Demultiplexed reads were trimmed of adapters using TrimGalore! and mapped to the dm6 assembly of theDrosophilagenome using Bowtie2 with option -X 2000. Suspected optical and PCR duplicates were marked by Picard MarkDuplicates. Mapped, trimmed, duplicate marked reads were imported into R using the GenomicAlignments (Lawrence et al., 2013) and Rsamtools libraries (http://bioconductor.org/packages/release/bioc/html/Rsamtools.html), filtering for properly paired, non-secondary, mapped reads, with map quality scores greater than or equal to 10. Reads with mapped length less than or equal to 100 bp were considered to have originated from ‘open’ chromatin.

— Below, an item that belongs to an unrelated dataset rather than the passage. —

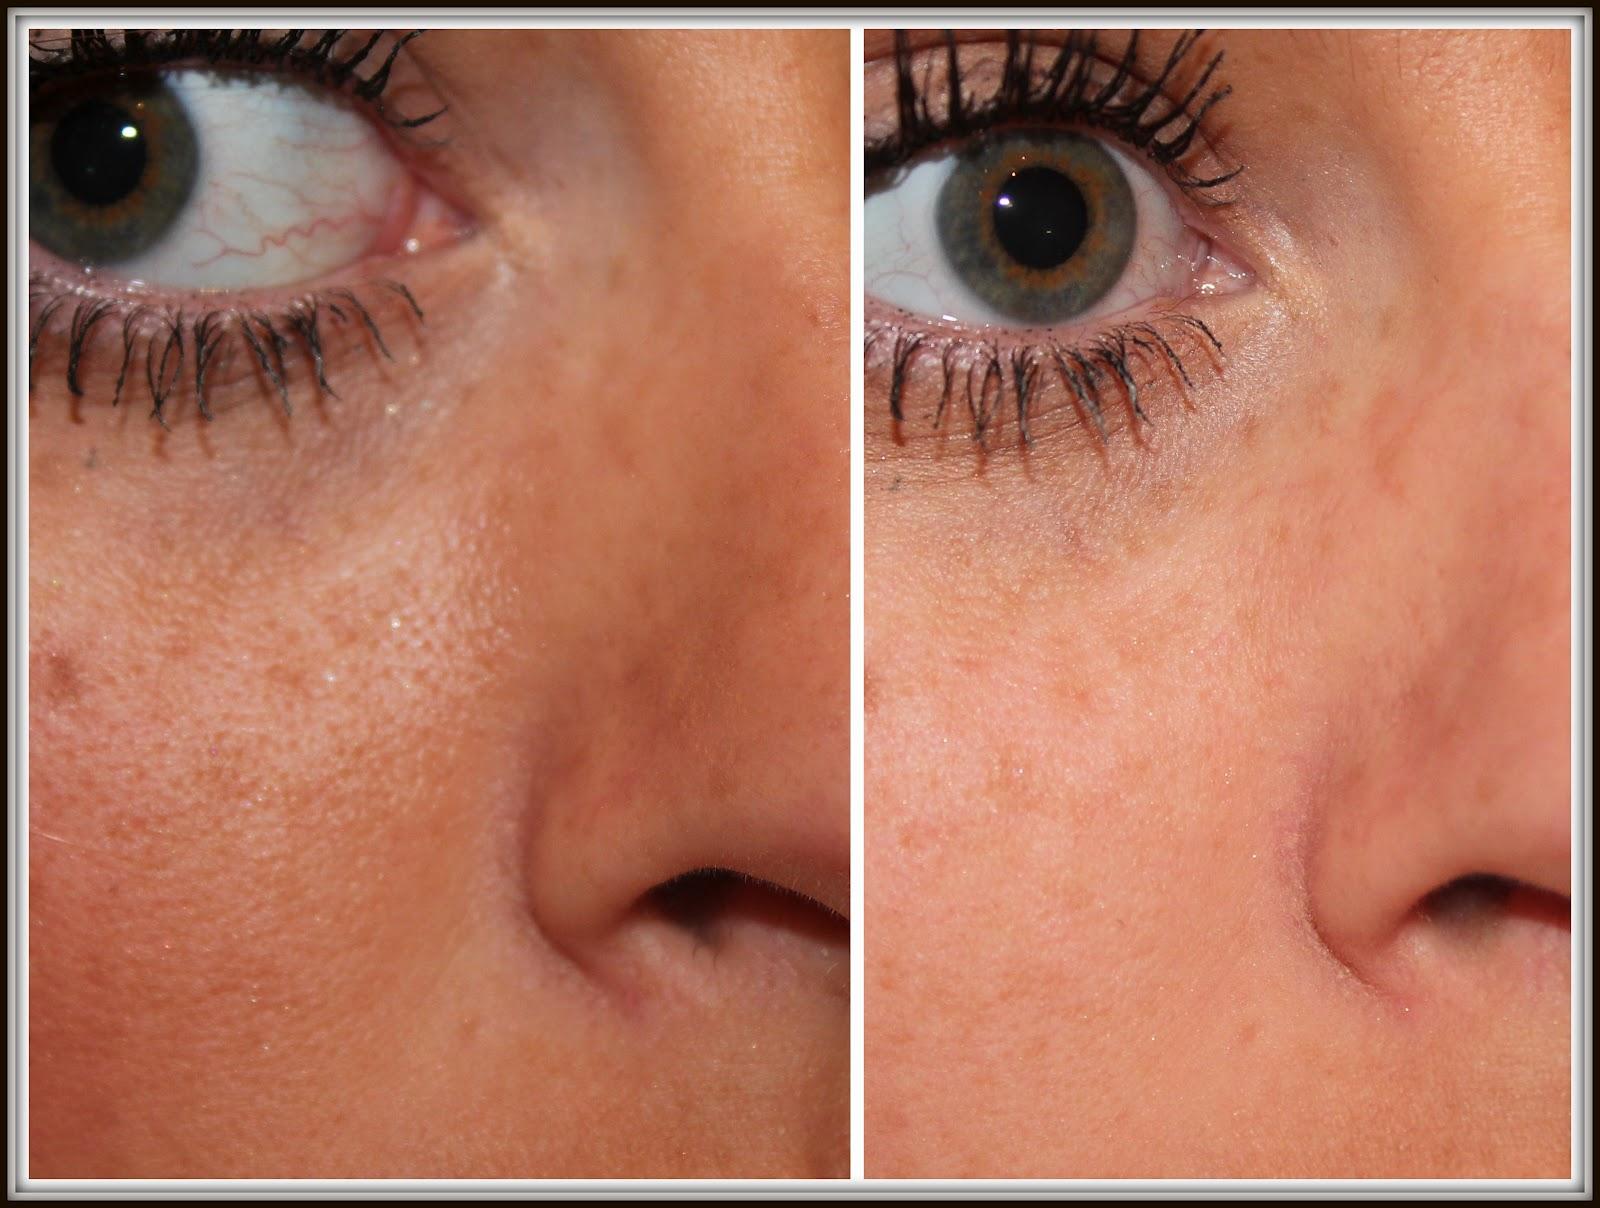 perfector+perfecting+makeup+poreless+clinique+instatnt+pore+perfector

For the opa mutant ATAC-seq experiment, embryos were collected blind to the zygotic genotype, but because experiments were performed on single embryos, genotypes could be determined post-hoc by calling SNPs over the opa locus using BCFtools (Danecek et al., 2011).

Peak regions for all accessible regions present between ZGA and gastrulation were called using MACS2 with options -f BAMPE -q 1e-5 --nomodel on a merged dataset comprising all ‘open’ ATAC reads from both wild-type and ‘patternless’ mutant embryos, and both NC14+12 and +72 timepoints.

DEseq2 (Love et al., 2014) analysis was performed by counting the number of ‘open’ ATAC seq reads overlapping each peak identified by MACS2. For the comparison between wild-type and ‘patternless’ mutant embryos over NC14+12 and +72, the design parameter passed to DESeq2 was ~genotype + time + genotype:time. For other comparisons (opa gain or loss of function at single timepoints) the design was ~genotype only. Regions with an adjusted p-value of less than 0.01 and absolute log2fold-changes > 1 were considered to be statistically significant in the relevant test.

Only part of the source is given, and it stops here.